Christ Be My Portion

Christ, be my joy in sorrow.

Christ be my love in loneliness.

Christ be my rock in trembling

Christ be my anchor in the deep.

Christ be my calm in fury.

Christ be my power that crushes fear.

Christ be my peace in waiting.

Christ be my justice in the fight.

Be my portion, Jesus.


Station 1: Jesus In the Garden of Gethsemene

A homeless man walks by a restaurant. He is barefoot, dirty, and unshaven. As he walks people eating seem uncomfortable, or simply do not see him. Like Jesus he feels totally alone, and in doubt.

Philip Workman, sits on death row, sweating, and looking at the road that has brought him to this point, and prays the road ahead to be blessed by God.

Christ, be my joy in sorrow.

Station 2: Jesus Betrayed by Judas, and Is Arrested

Sean is promised a place to live, food to eat, and given a job at a store by a local agency. He was paid $15.00 an hour. He was also given a place to live for a time, with the promise of helping him find his own place in San Francisco.  After several months Sean was told he would have to leave the area because it would be too high for him to rent a place in the City.  In Judas, Jesus was betrayed by the system, by a friend.

Philip Workman’s best friend testified  Philip had confessed to him the murder, in order to receive a reduced sentence. He lied.

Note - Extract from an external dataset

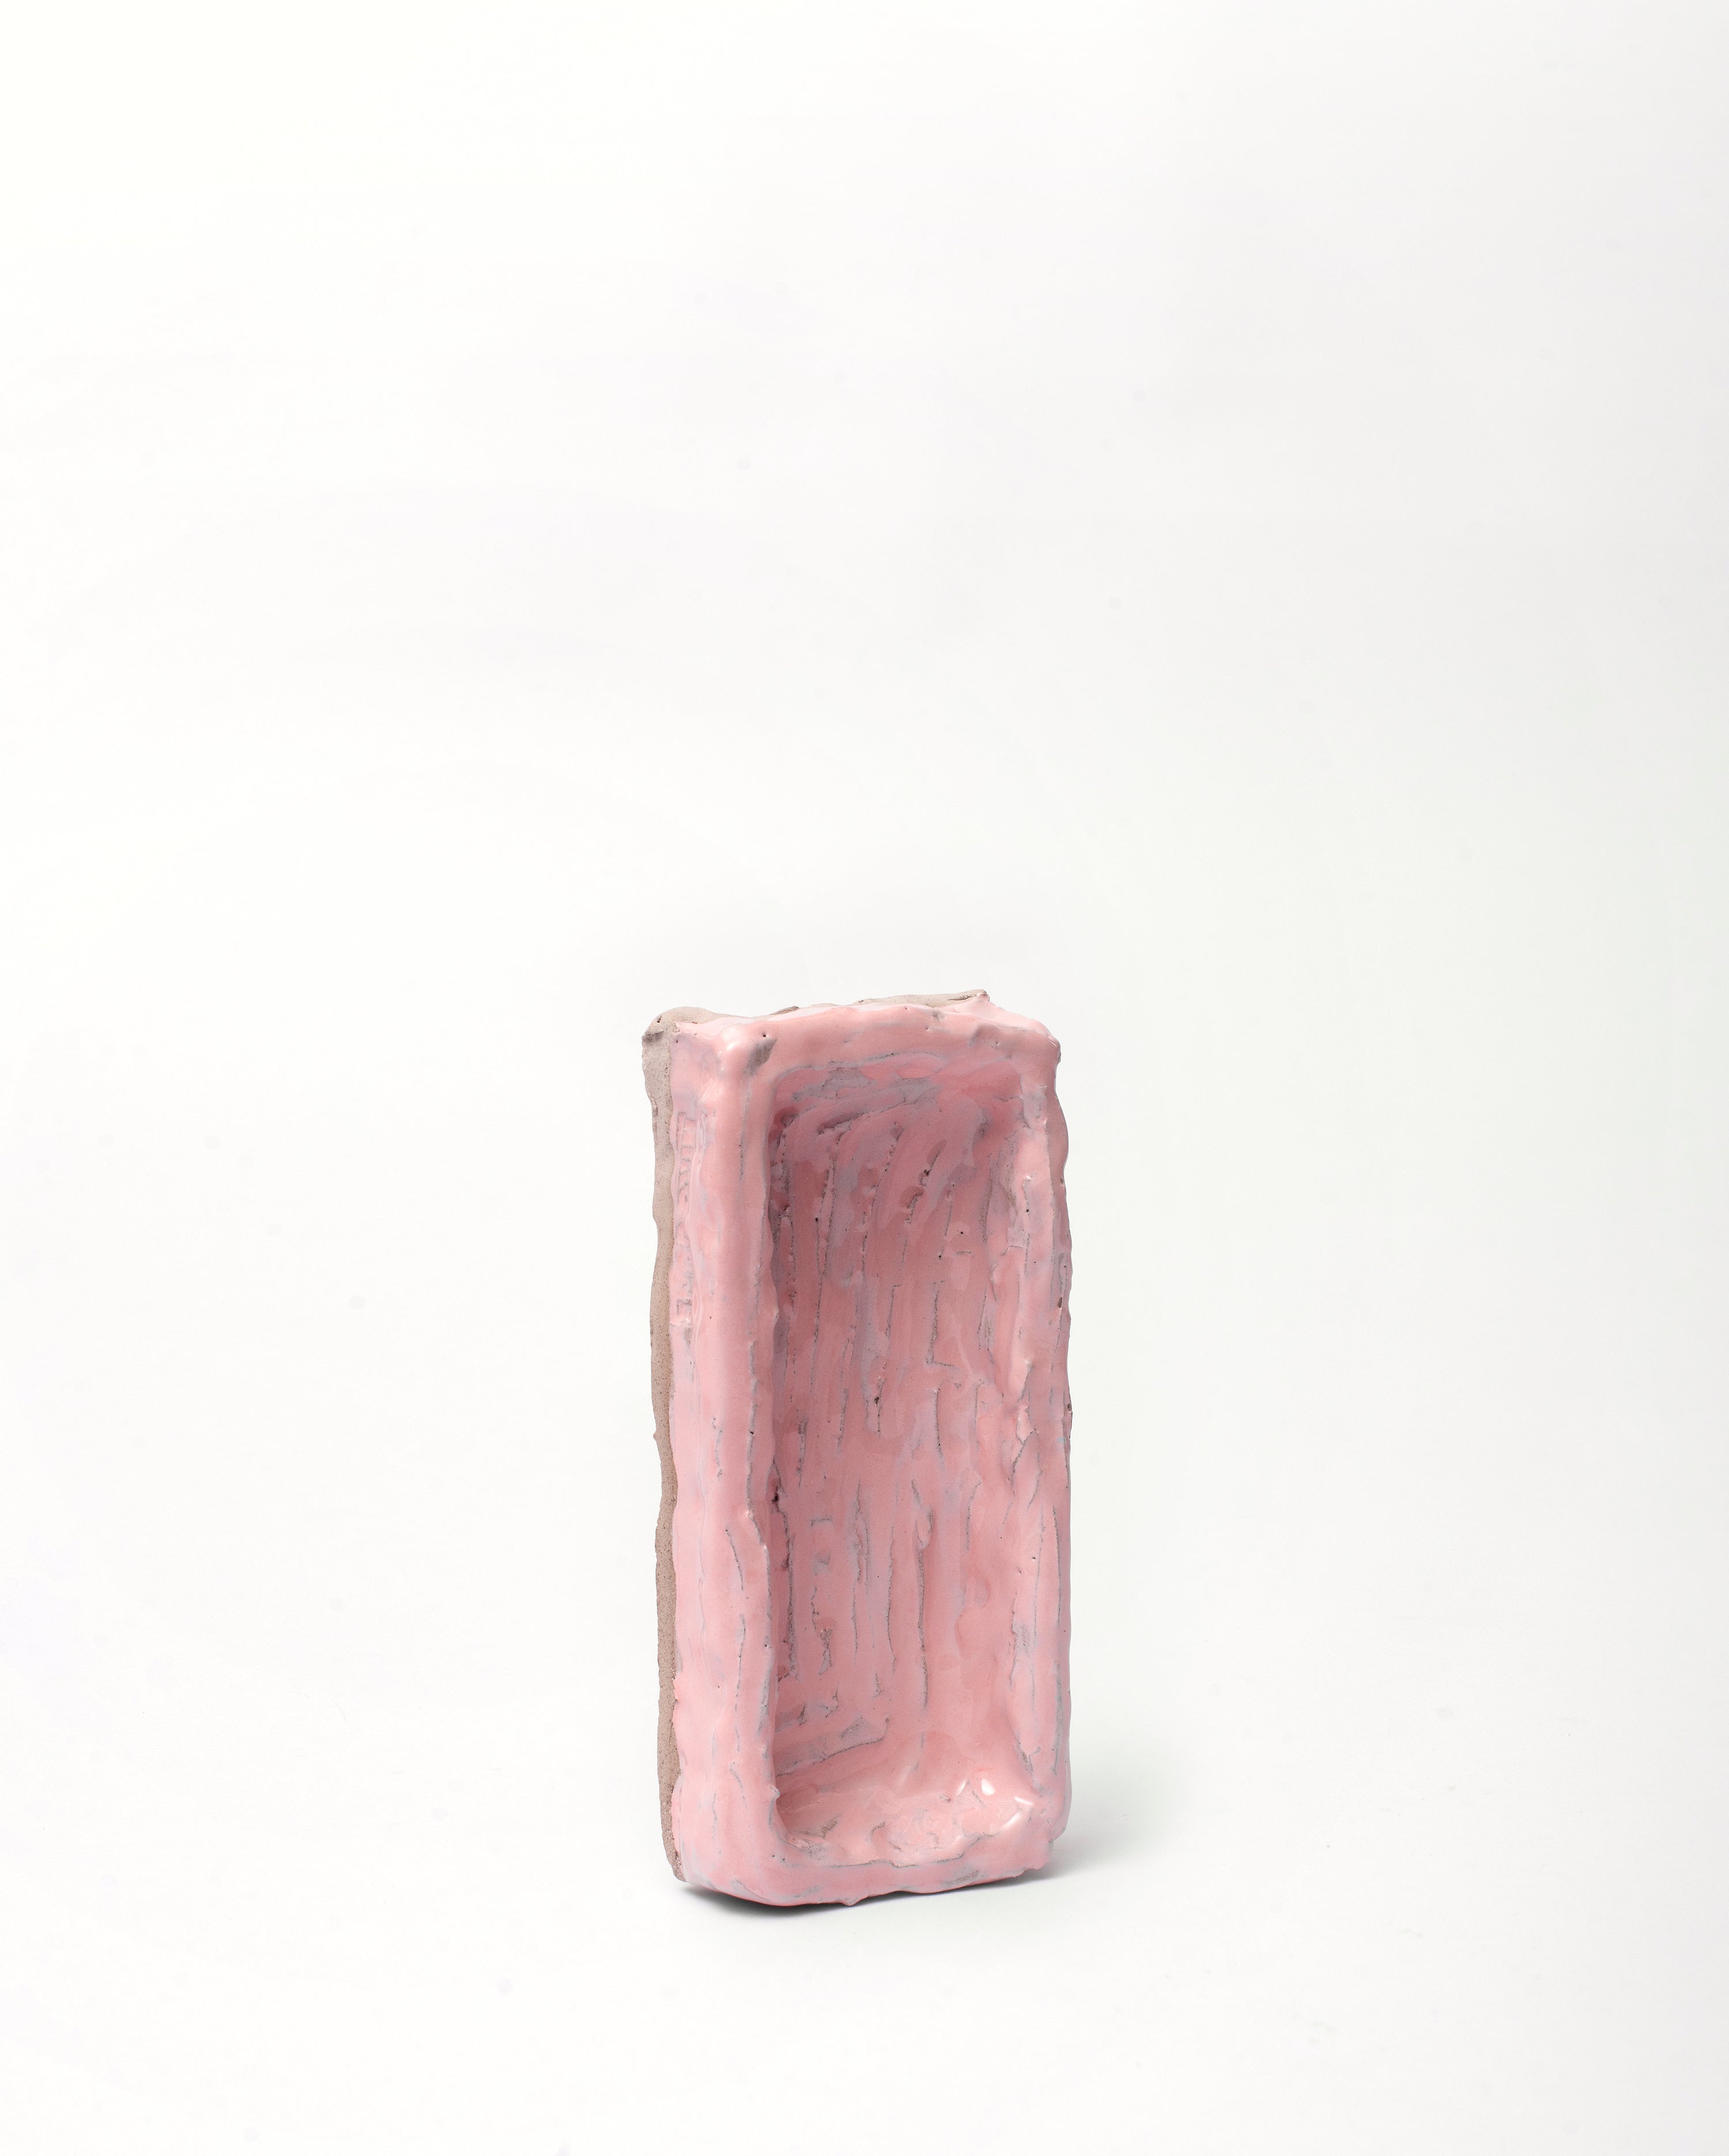 Handmade ceramic organizer object pink in vertical position on white background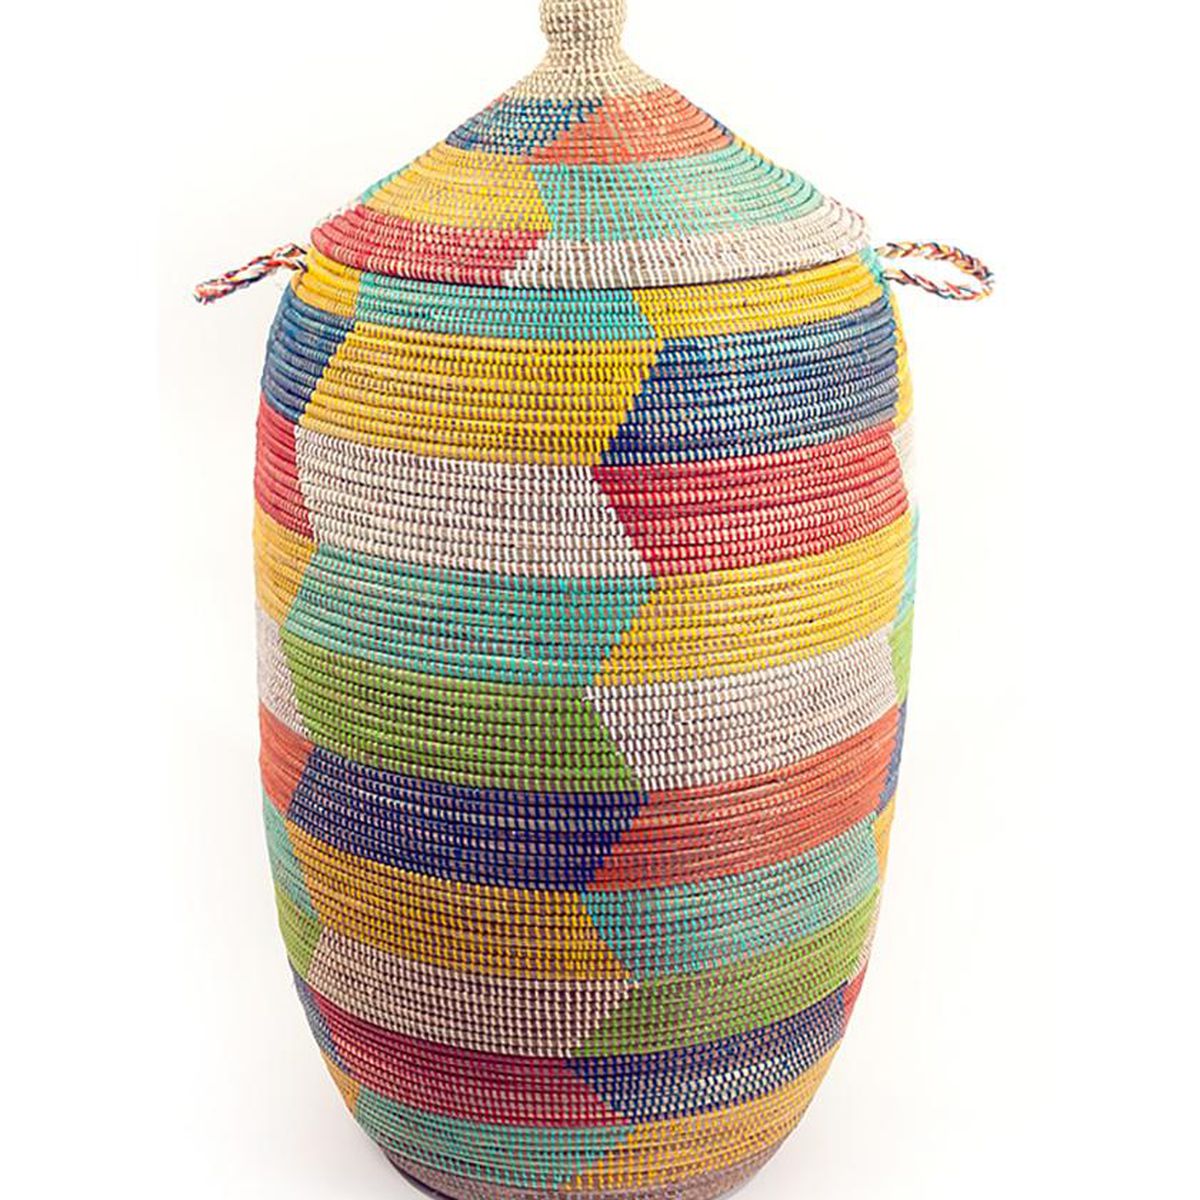 A tall basket with lid woven from multi-color reed

Christ be my love in loneliness.

Station 3: Jesus Is Condemned by the Sanhedrin

Twenty-one-year-old Jay is given housing in a local shelter and the support of a social worker. The agency receives a report that four years earlier he had been a member of a white supremacist gang. Jay is now considered a racist, and his services are removed. Jay simply hung out with them because he was lonely and was given a place to sleep. Jay is not a white supremist.  He is sent back to the streets.

During his trial, Philip had people testify of minor crimes he had committed as a youth. None violent.

Christ be my rock in trembling.

Station 4: Jesus Is Denied By Peter

Jessie, a minister, working with people who are homeless has a portion of her funding withdrawn by a local church for the reason; “she is putting a bandage on a wound, not fixing it.” Ministry means letting our hearts be broken.

Philip had six friends who simply refused to testify in his support.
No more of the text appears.